Le soleil sèche la terre des hauts plateaux éthiopiens qui n’ont plus vu la pluie depuis le mois d’octobre. La voiture vient de quitter le béton et s’élance sur un chemin de cailloux et de terre ocre, laissant derrière elle une fumée de poussière qui semble tout recouvrir. Les Amharas qui longent le chemin observent curieux ou indifférents cette traversée brisant le temps. Un panneau en tôle bleu et blanc indique que les prochaines constructions de terre-paille forment la communauté Awra Amba, « les maîtres des collines» en amharique.
Une pancarte Guest House trône au-dessus d’un bâtiment qui contient une quinzaine de chambres composées d’une couche et d’une petite étagère moulée dans les murs de terre humide et de paille recouverts de peinture jaune. Une porte faite de tôle et de bois peut se fermer avec un petit cadenas, des dessins aux murs rappellent les couleurs vives des paysages qui nous entourent.
« Un homme ne peut pas naître sans une femme »
Délestée de mes bagages, je suis invitée à prendre une boisson rafraîchissante sur la petite place centrale des bâtiments d’hébergement pour touristes. Aida et son père, Asnaske, nous rejoignent vite, c’est lui qui s’occupe d’elle en ce moment, sa femme travaille à la comptabilité de la communauté, lui, guide, ne travaille pas aujourd’hui. Derese, le cuisinier de la communauté, nous emmène grimper la colline la plus proche pour observer le coucher de soleil. Nous longeons les ateliers de tissage où hommes et femmes travaillent ensemble. Puis nous traversons des champs où femmes et enfants travaillent et gardent le bétail. Des oignons, des mangues, des tomates sont cultivés ici sur des terrasses d’irrigation, du tef (céréale locale) et des vaches nourrissent en partie la communauté.
Nous rentrons pour le dîner qui se tient rapidement une fois la nuit tombée, vers 19 h pour les étrangers (2 h de plus qu’en France) ou 1 h de la nuit en heure amharique qui commence lorsque le soleil se lève et que la vie commence (6 h du matin en heure internationale correspond à 1 h de la journée en heure amharique, qui se divise en 2 cycles de 12 heures). Les discussions nous amènent à évoquer l’angle de mon reportage, l’égalité femmes-hommes. Asnake nous raconte que Zumra, le fondateur de la communauté, aurait souvent expliqué l’inégalité des femmes et des hommes par un esprit égoïste et autocentré de l’homme qui, se croyant plus fort que la femme, aurait eu envie de la diriger ; mais que c’est un raisonnement erroné puisqu’un homme ne peut pas naître sans une femme, et ne peut donc pas lui être supérieur. Pour Asnake, qui évoque à plusieurs reprises l’idéologie communiste, nous sommes tous égaux et ne devrions faire aucune différence ni dans les tâches quotidiennes, ni dans nos jugements. C’est l’esprit de la communauté, « nous sommes tous des êtres humains » est une phrase qui revient souvent dans la bouche des membres anglophones rencontrés.
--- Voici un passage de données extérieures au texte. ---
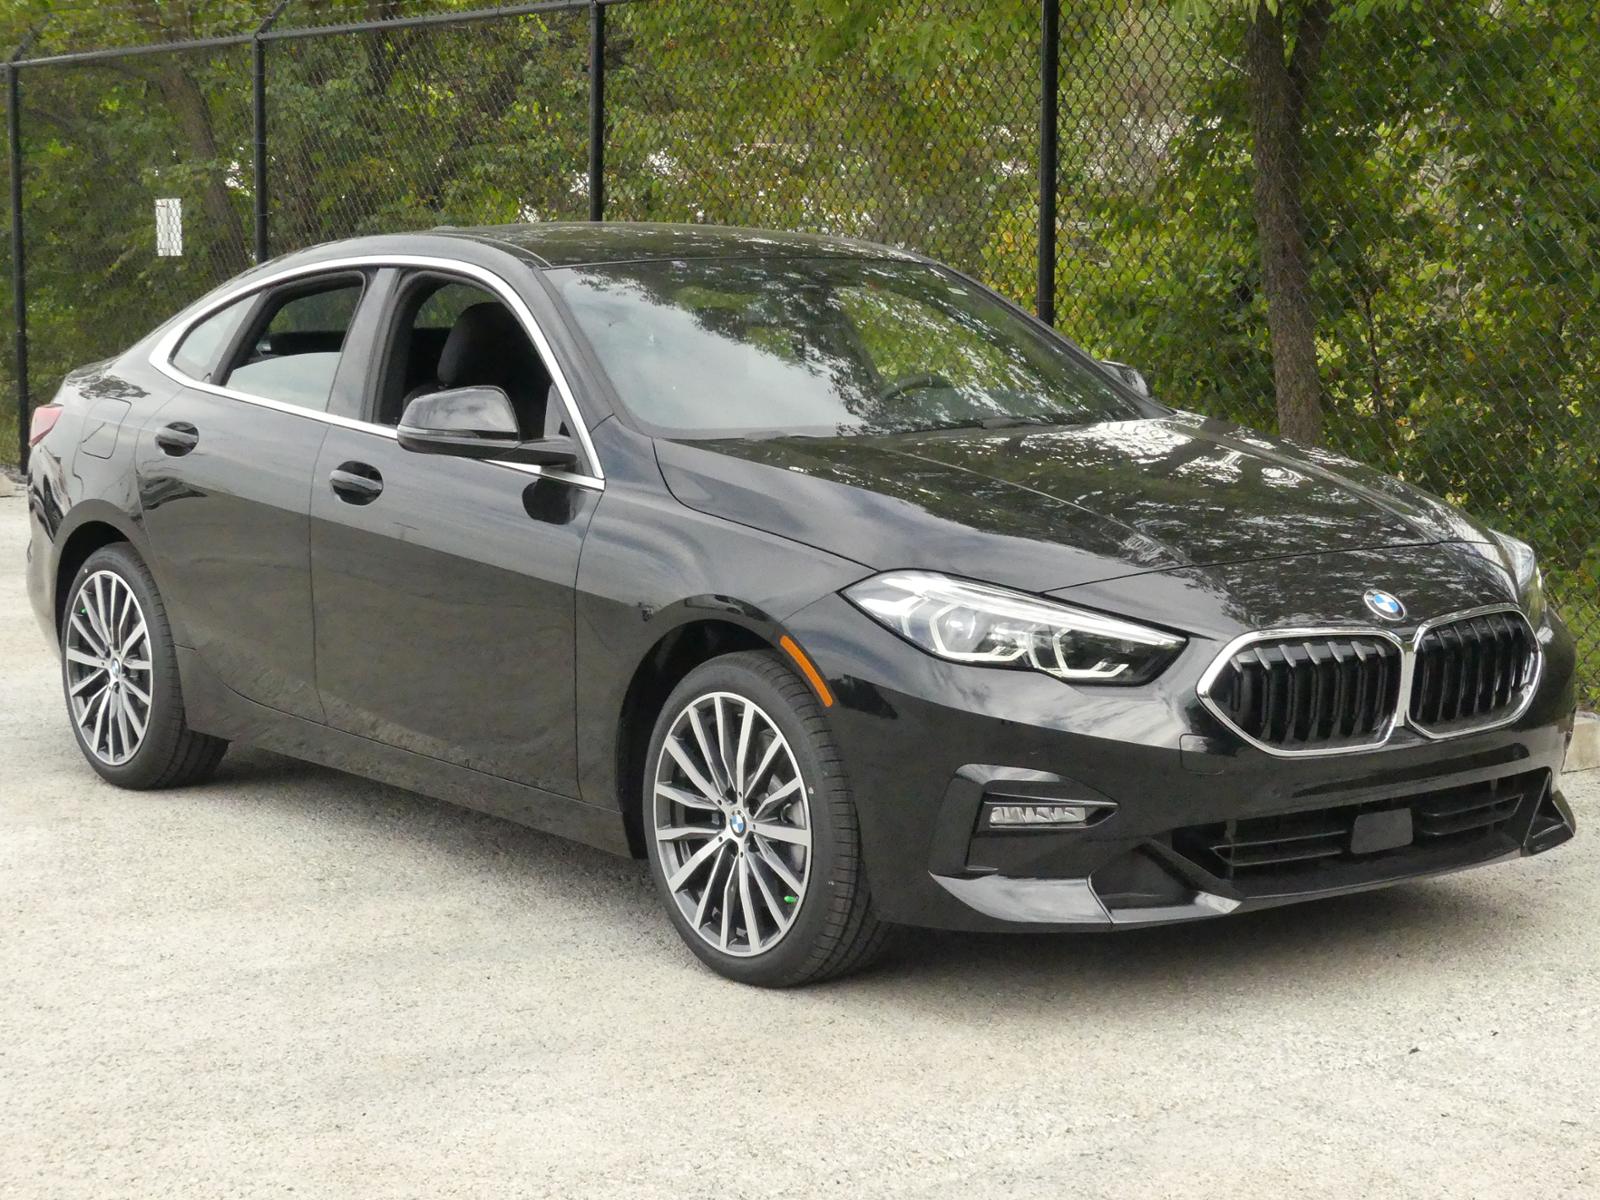 New 2021 BMW 2 Series 228i xDrive Gran Coupe 4dr Car in Owings Mills #

« On ne leur donne pas l’égalité, on reconnaît juste les droits naturels »
Le lendemain matin, après un petit-déjeuner pris au rythme cadencé des machines à tisser, une entrevue avec Zumra, le fondateur, est prévue. Sa fille, Aregash, me reçoit dans le centre d’informations construit sur la place du village, elle fera la traduction. Zumra, âgé aujourd’hui de 72 ans, arrive tranquillement dans l’ombre de la maisonnée. Vêtu d’une chemise blanche, il porte un chapeau de laine verte sur la tête ; une écharpe, avec le symbole du village, tombe sur son buste. Tout le monde le connaît et le salue respectueusement sur son chemin.
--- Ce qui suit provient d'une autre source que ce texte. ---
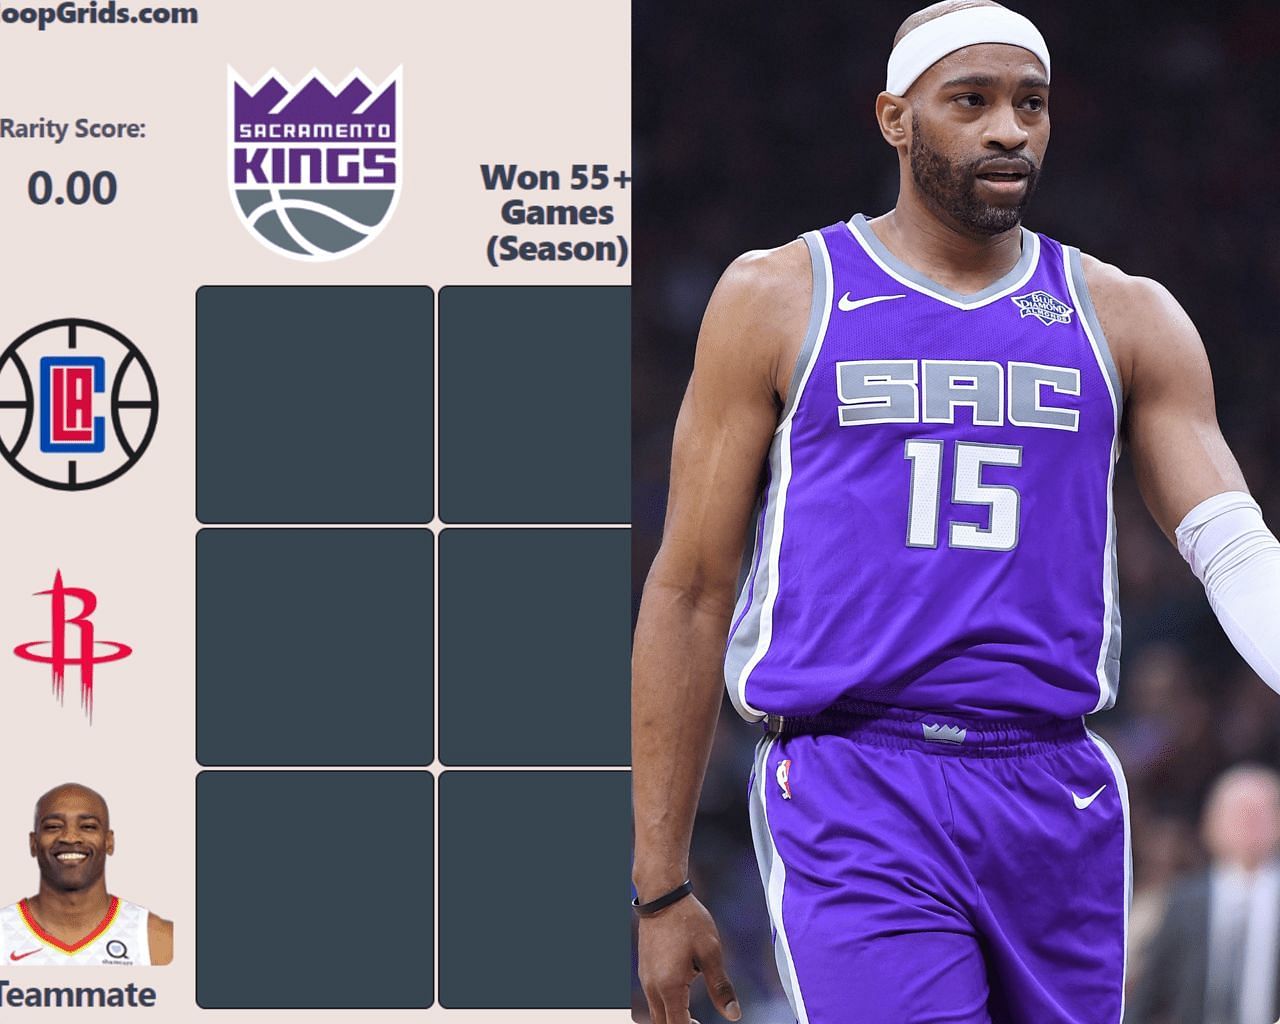 Vince Carter fifth NBA player to play in 1,500 games

Regard perçant et discours calme mais passionné, le fondateur explique, en appuyant ses arguments de mouvements de mains décidés, qu’il a voulu construire une communauté de paix ouverte à tous les êtres humains qui souhaitent vivre dans la paix, l’amour et la solidarité. Sur le mur du centre, des paroles de Zumra. L’une d’entre elles annonce : « Faire un métier de femme ne change pas ton sexe, il change ton ignorance. » Je le questionne donc sur son travail pour l’égalité des sexes et l’homme me répond : « Nous ne travaillons pas pour l’égalité, nous ne la donnons pas, nous restituons simplement des droits naturels. Nous sommes tous des êtres humains et notre esprit nous différencie des animaux, nous pouvons donc nous en servir pour être plus justes, nous reconnaître tous comme humains et aider les personnes dans le besoin. »
L’homme insiste beaucoup sur la notion de paix, pour lui, « tout est question de choix, si nos comportements et nos discours sont bons et vont dans le sens de la paix, il n’y a plus de raison d’arriver au conflit. Penser bien et agir bien », conclut-il, avant d’ajouter que si chacun se sent bien, respecté et aidé alors la paix peut s’installer.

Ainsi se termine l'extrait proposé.